Tempel sein! Das ist noch ein paar Nummern über „Gewächshaus“. Aber was macht Ihr Leben zum Tempel? Für Paulus sind es nicht Größe, Pracht und Berühmtheit des Bauwerks, sondern: Gottes Geist wohnt darin! Und dieser Geist, der hat Platz in der kleinsten Hütte und sogar im Trümmerhaufen. Das wäre doch eine völlig neue Sicht auf Ihr Leben, Sie Tempel, oder? Durch diesen Geist!

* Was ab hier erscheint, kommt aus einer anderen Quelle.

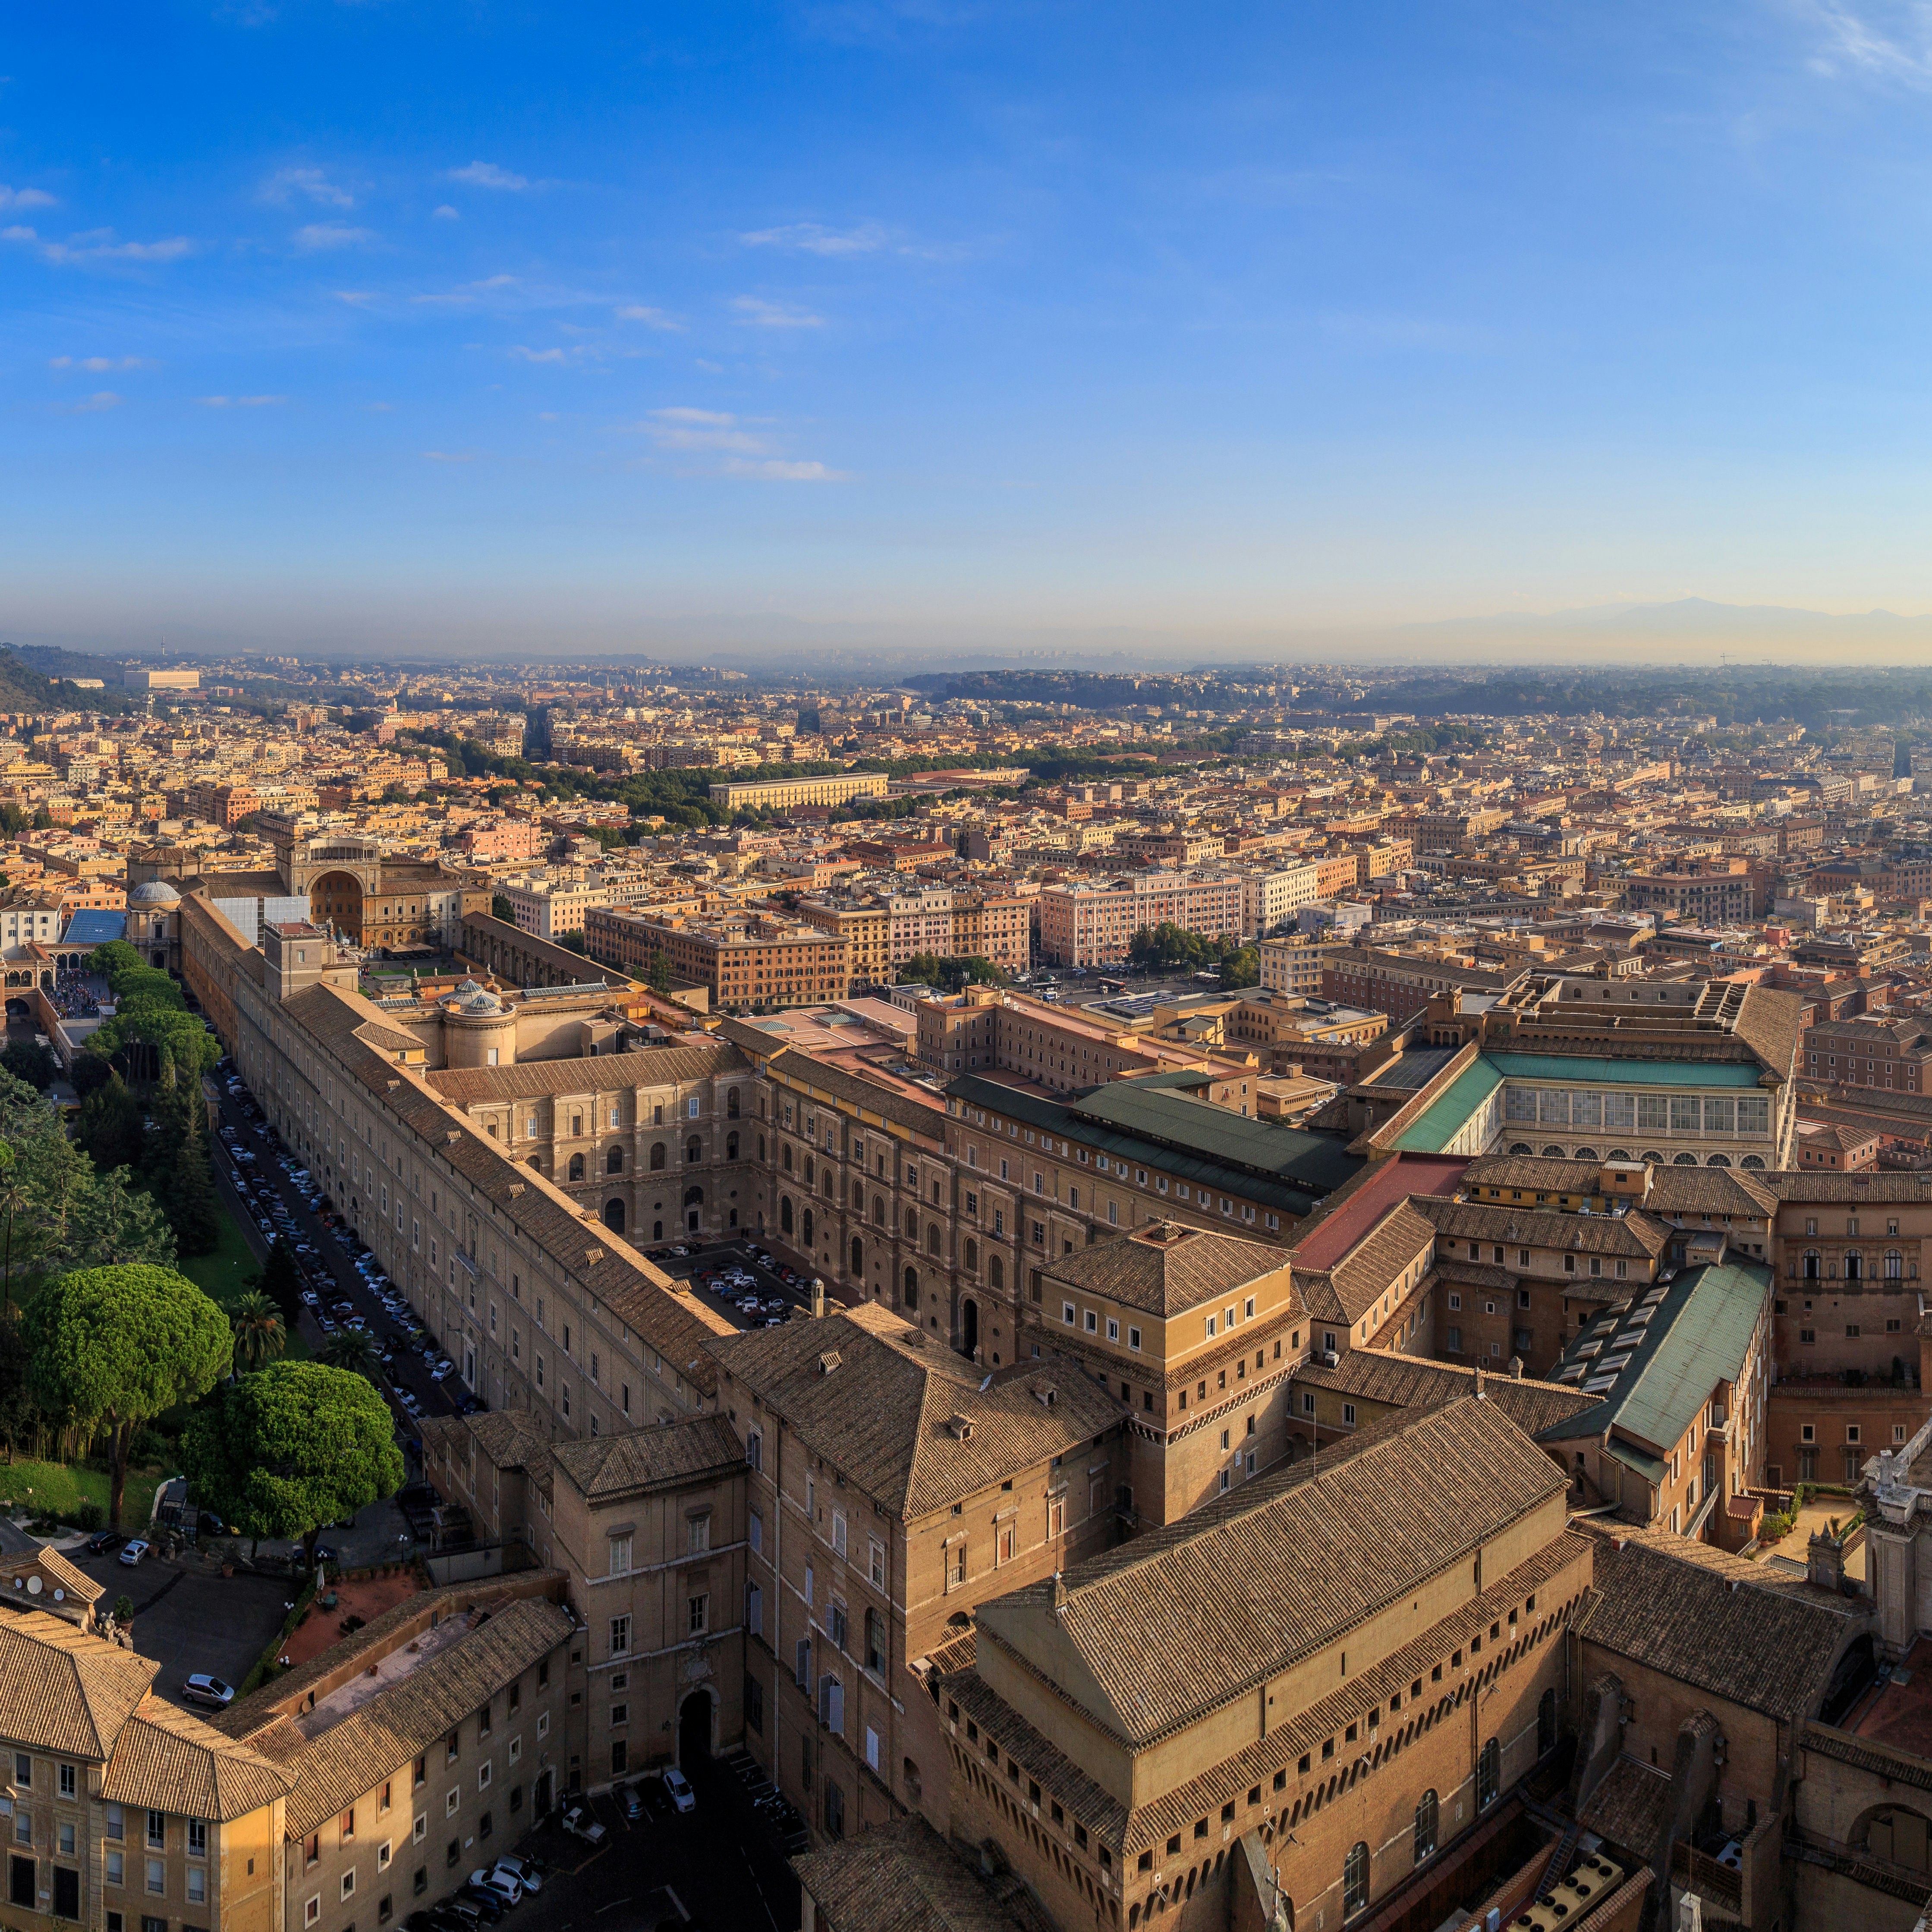 Aerial of the Sistine Chapel and the Vatican in Rome, as seen from the dome of St. Peter

Und – ich sage es mit meiner Gewächshaus-Erfahrung so: Dass Gott mit baut, das muss nicht heißen: Es gelingt und wird sofort prima. Aber vielleicht: Ich habe den Mut, es überhaupt anzufangen. Und ich habe den Mut, NEU anzufangen, wenn alles schief gegangen ist.

Gebet:

Gott, lass mich Dein Tempel sein! Zieh Du ein in mein Leben mit Deinem Geist! Erfülle mich, beseele mich, durchwehe mich! Amen.